Each line below is to be copied exactly; images do not go into the copy.

Information provided —
—————
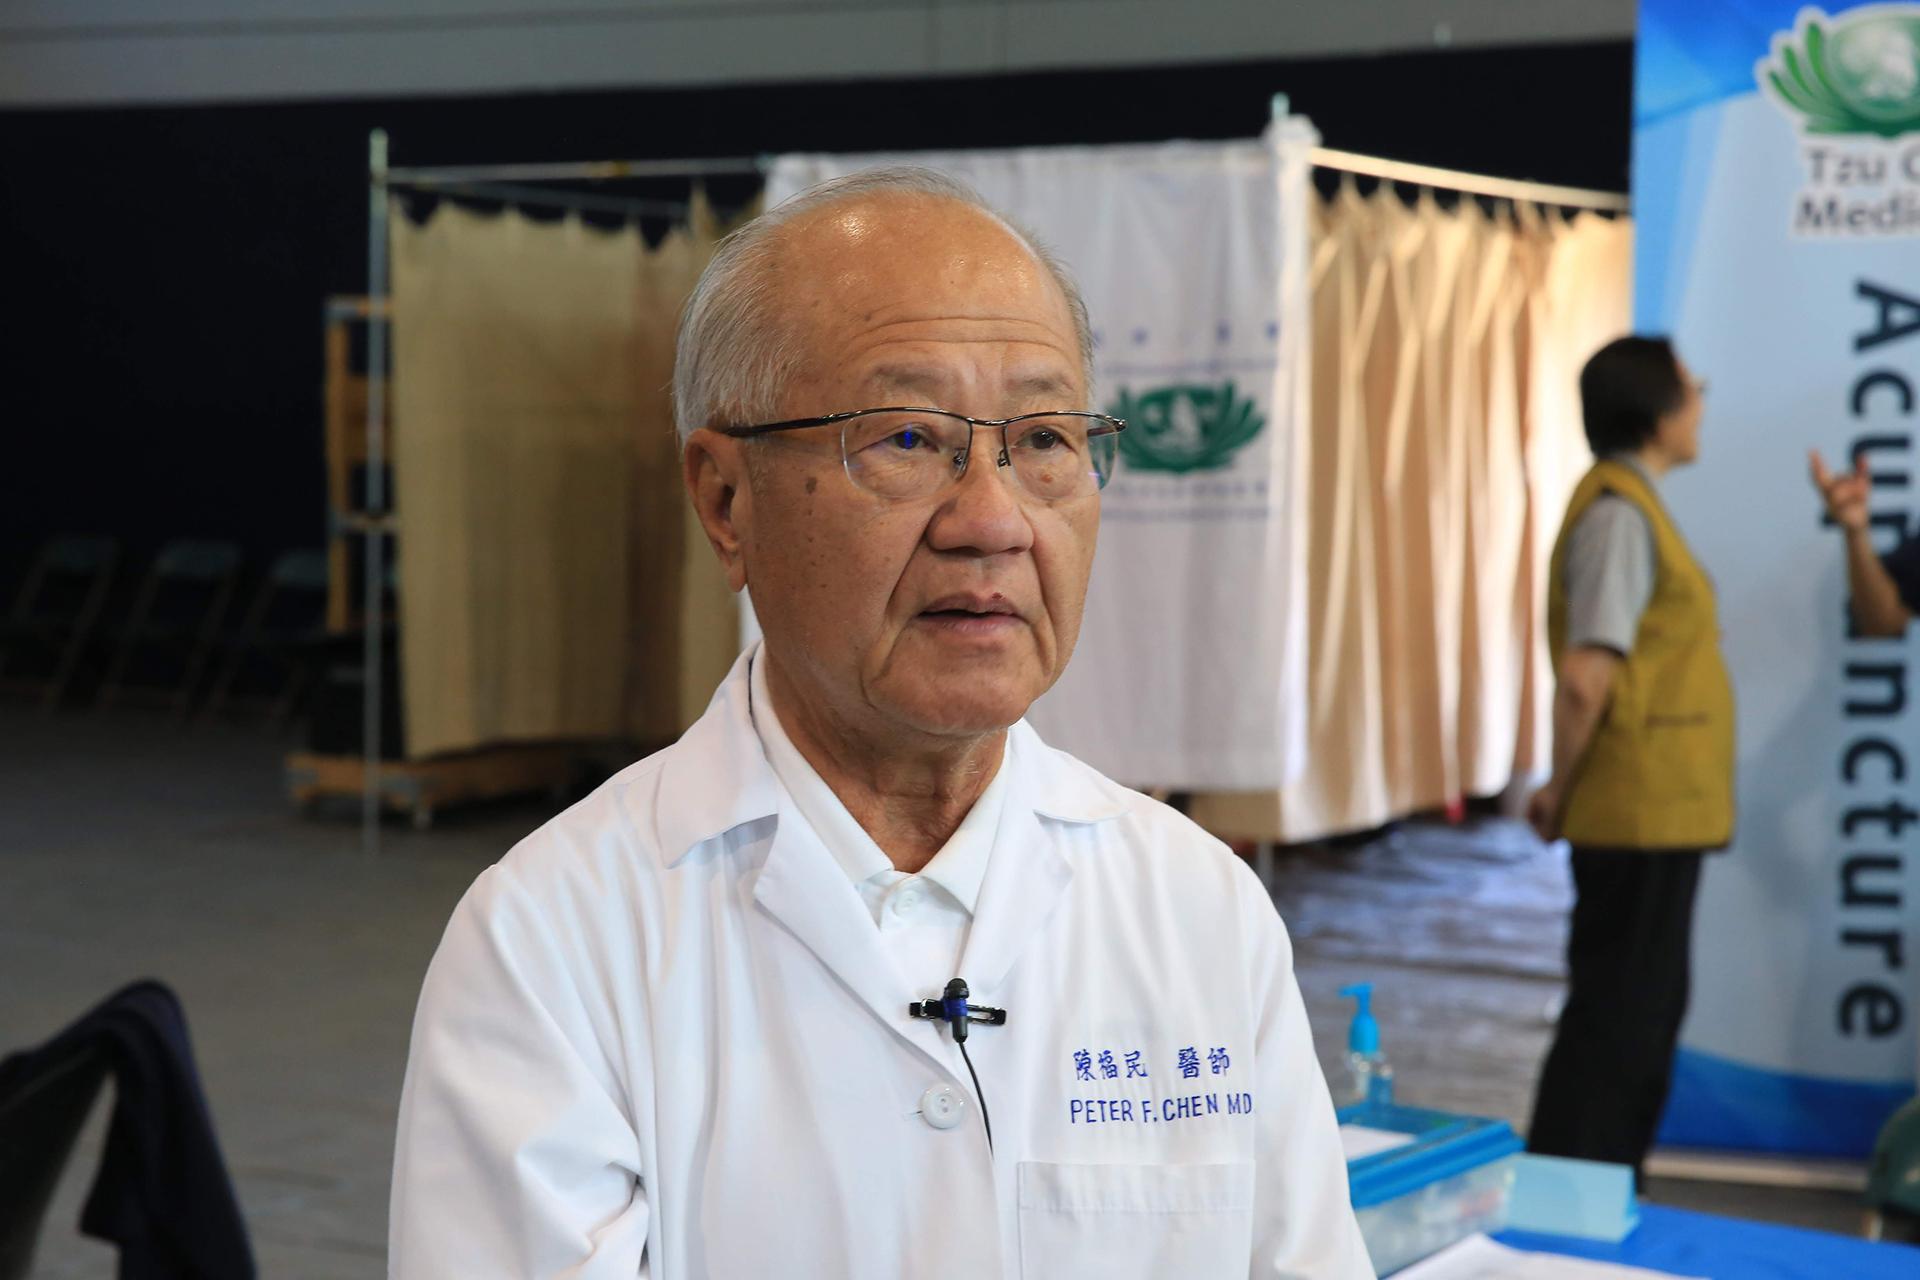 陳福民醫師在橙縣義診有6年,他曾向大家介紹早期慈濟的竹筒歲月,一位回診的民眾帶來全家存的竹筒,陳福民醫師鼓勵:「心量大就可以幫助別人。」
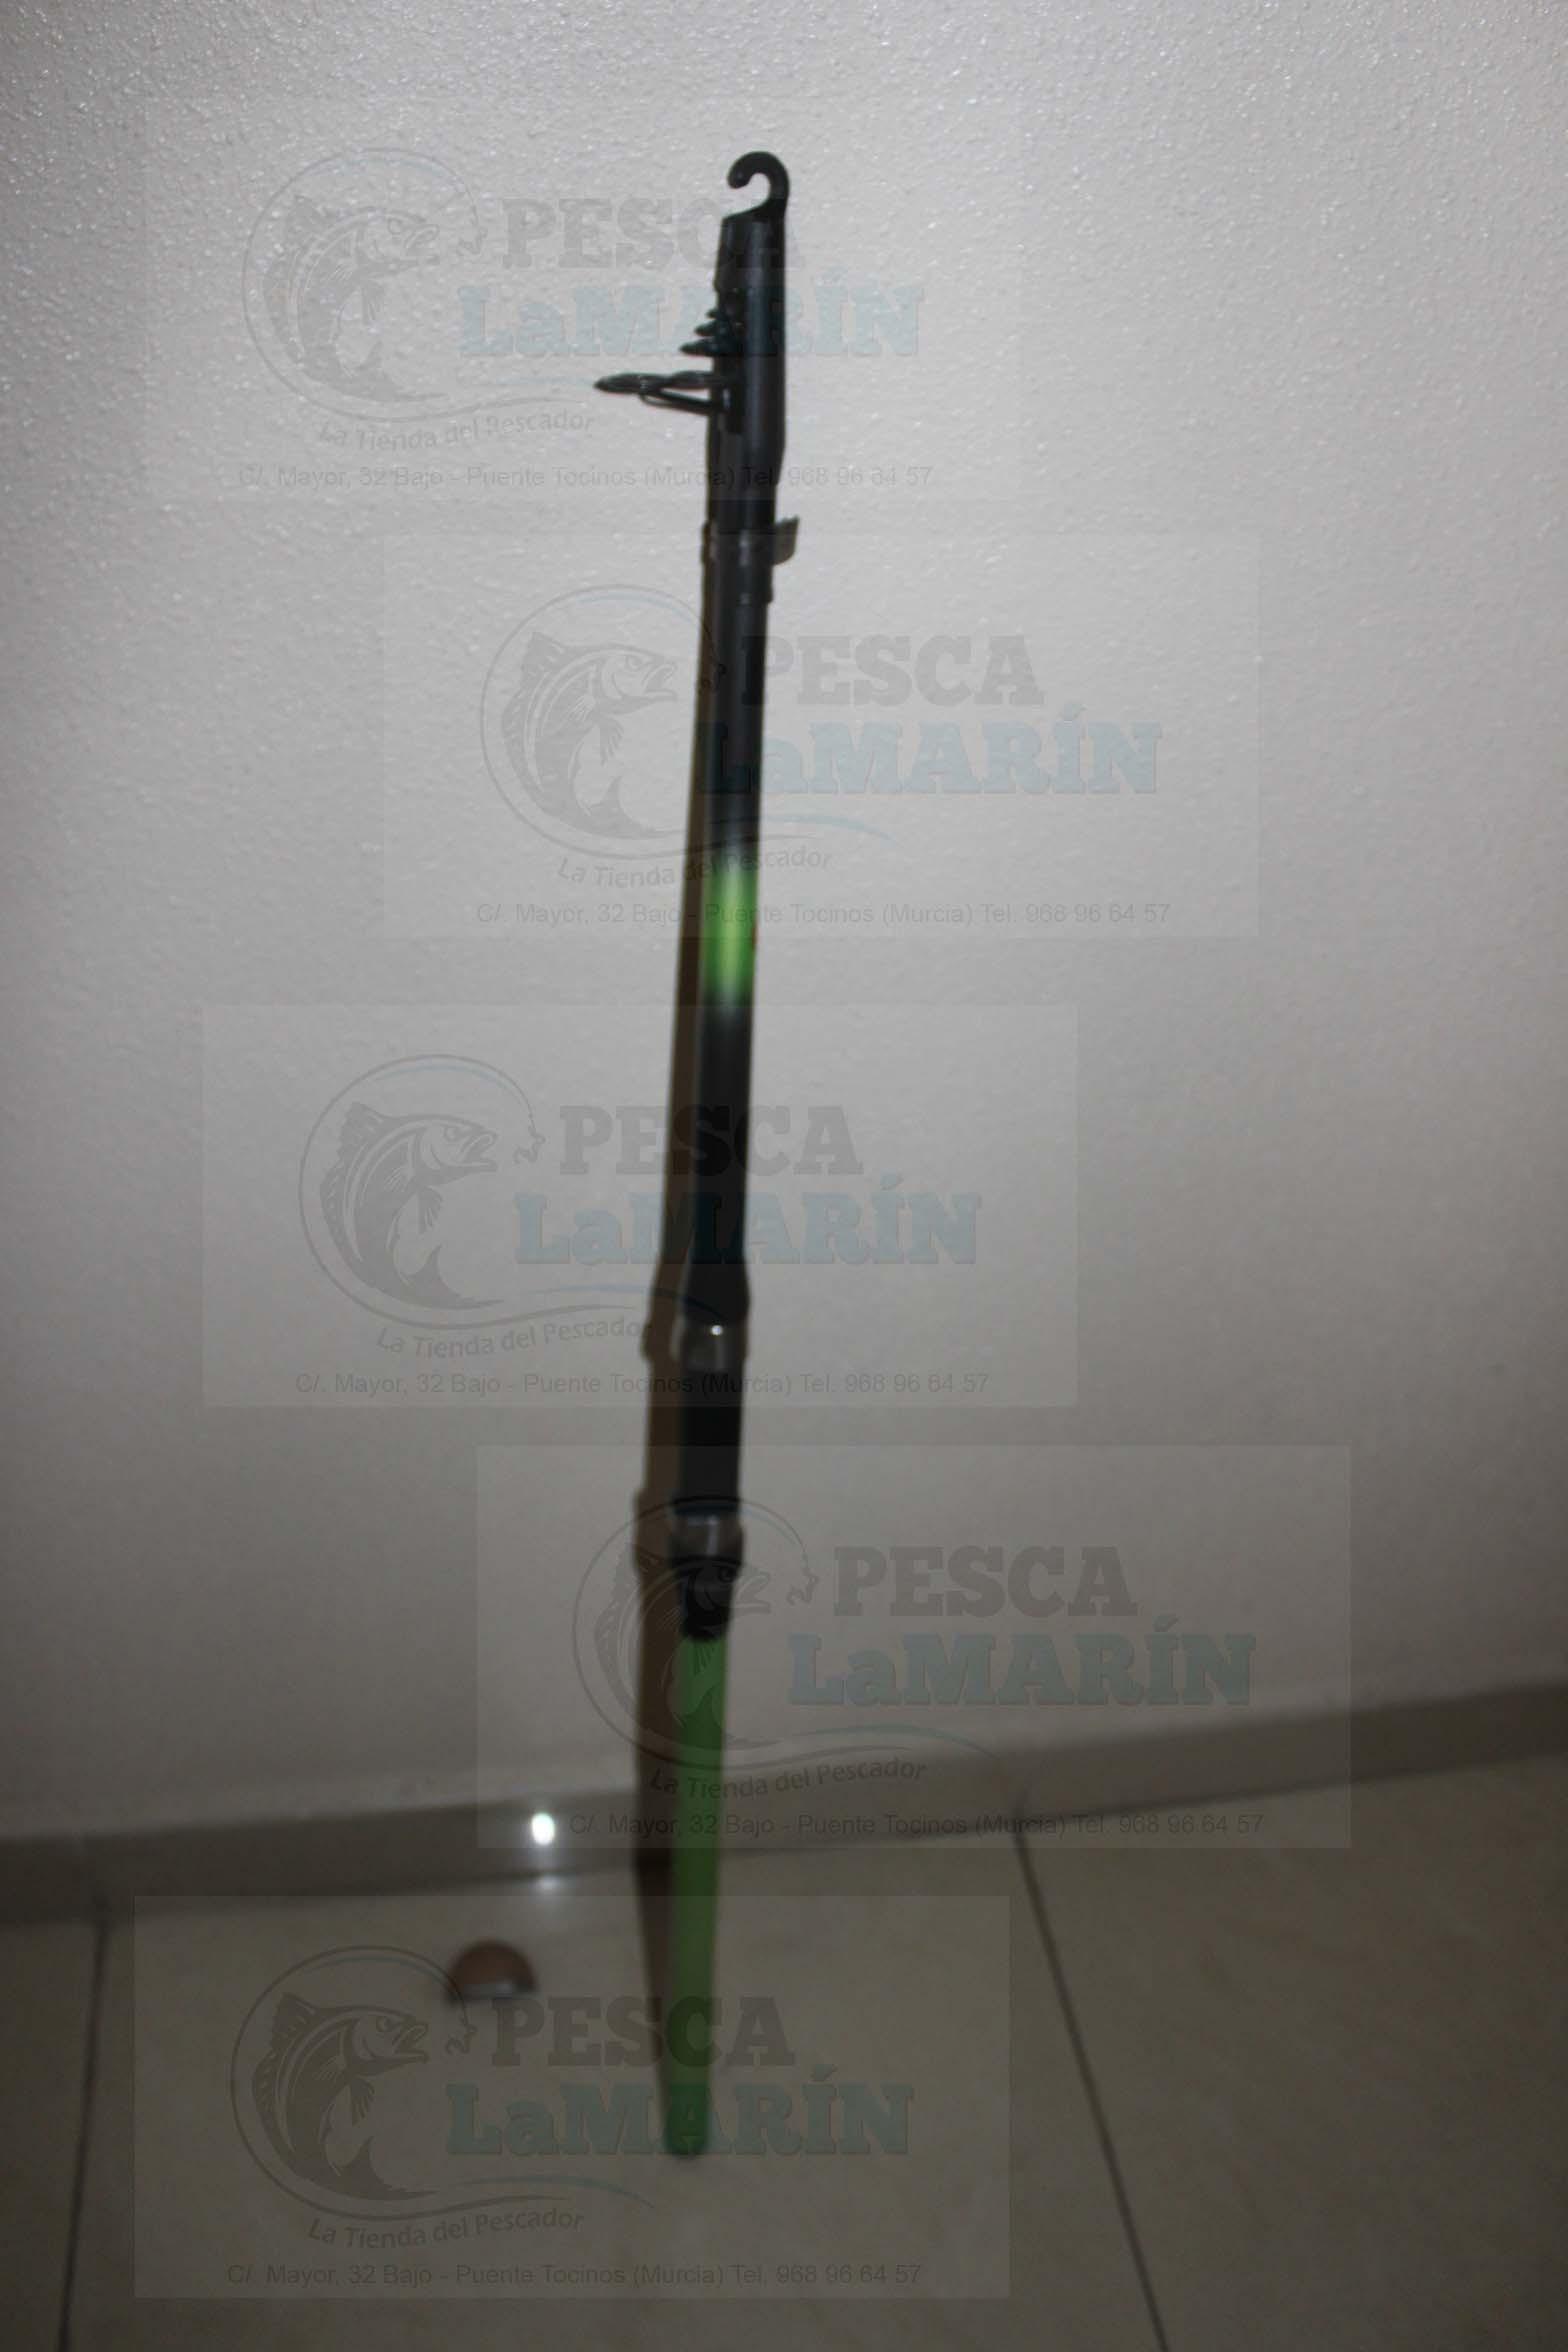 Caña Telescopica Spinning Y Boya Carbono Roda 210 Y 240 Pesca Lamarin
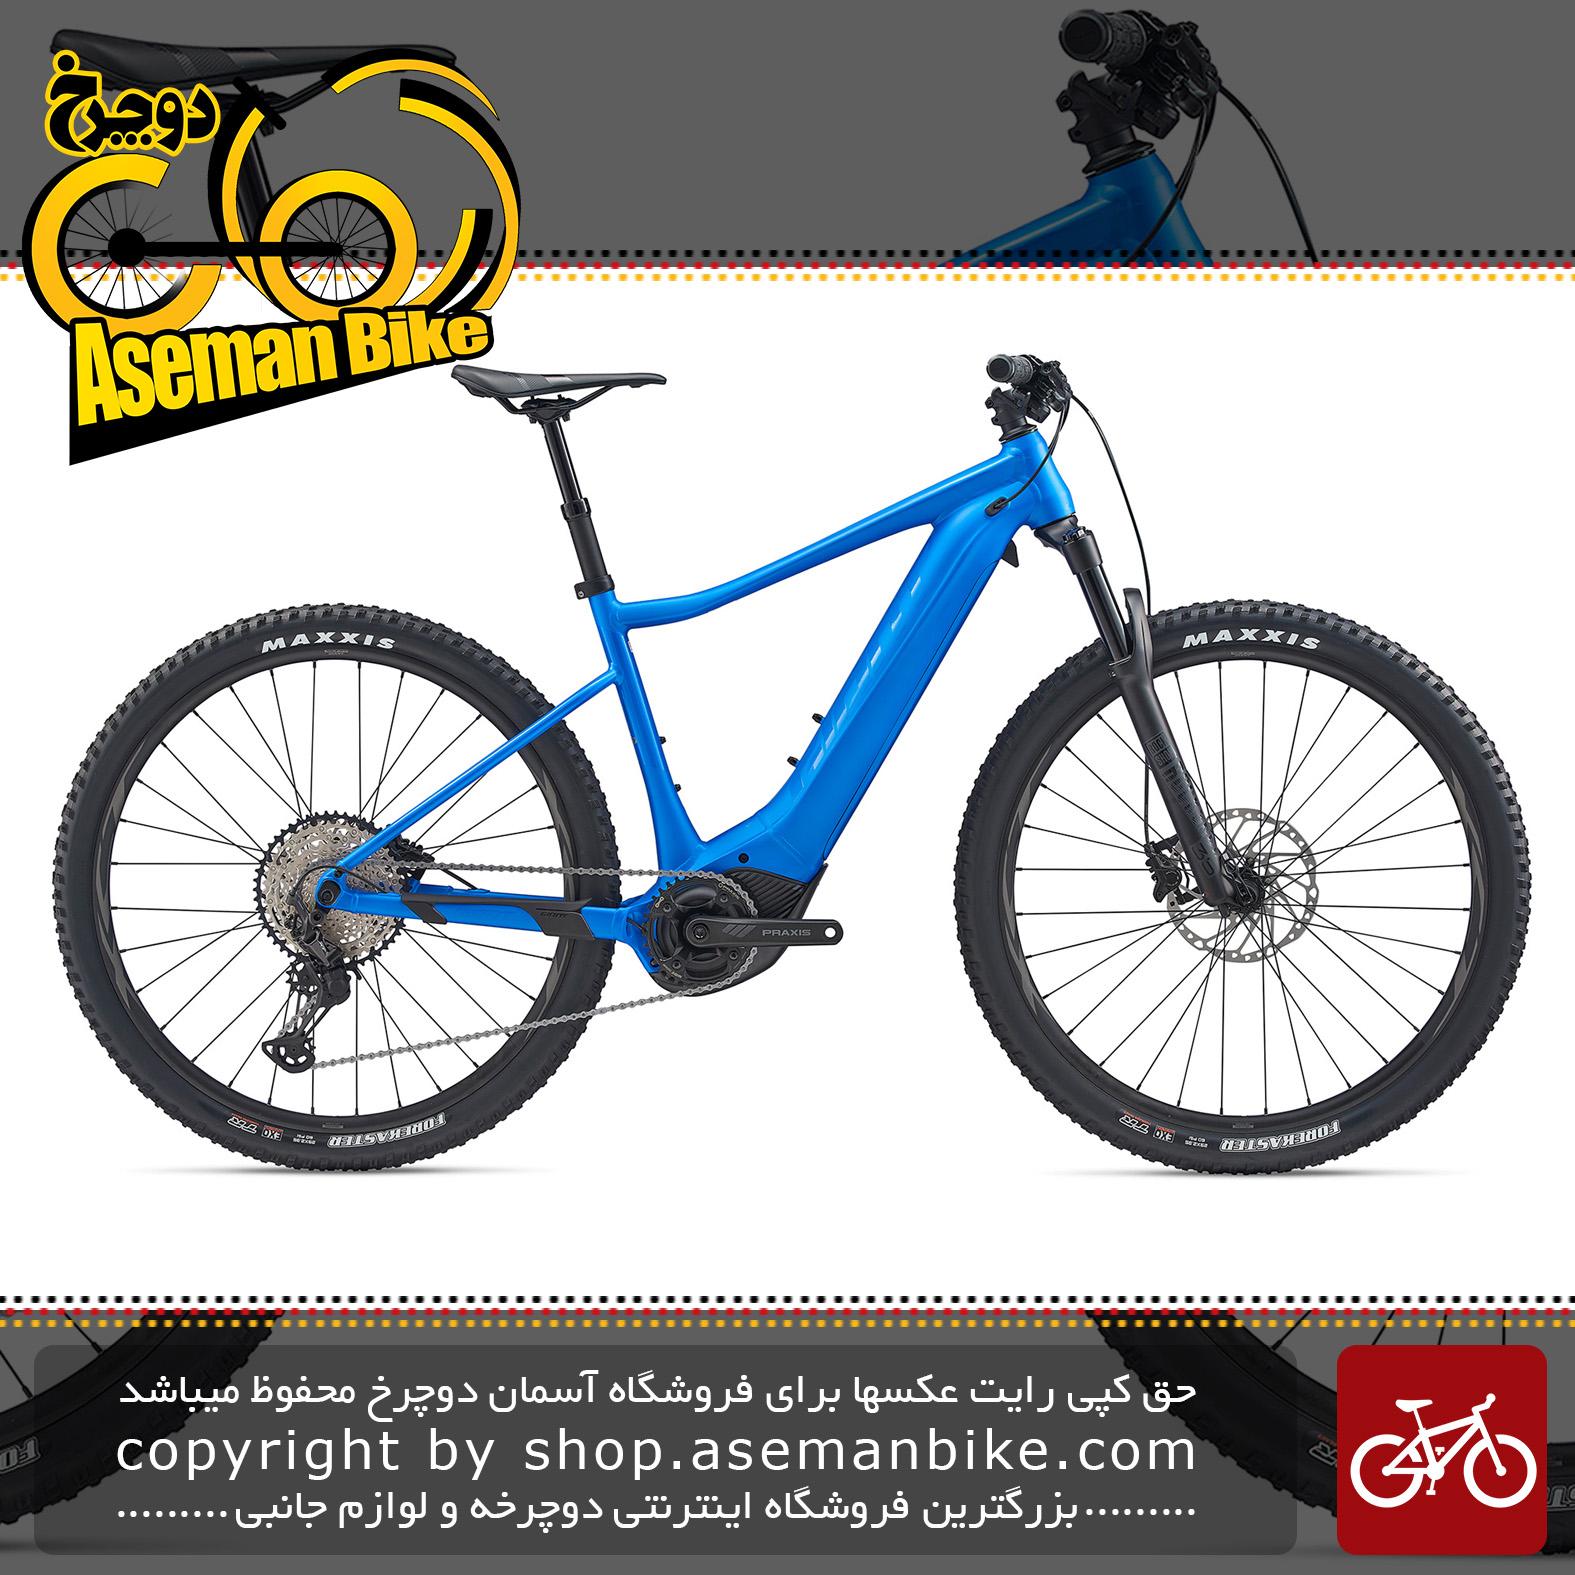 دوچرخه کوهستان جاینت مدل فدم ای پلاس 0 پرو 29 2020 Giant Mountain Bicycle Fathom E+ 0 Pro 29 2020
—————
Written answer —
 陳福民醫師在橙縣義診有6年,他曾向大家介紹早期慈濟的竹筒歲月,一位回診的民眾帶來全家存的竹筒,陳福民醫師鼓勵:「心量大就可以幫助別人。」
 Caña Telescopica Spinning Y Boya Carbono Roda 210 Y 240 Pesca Lamarin
 دوچرخه کوهستان جاینت مدل فدم ای پلاس 0 پرو 29 2020 Giant Mountain Bicycle Fathom E+ 0 Pro 29 2020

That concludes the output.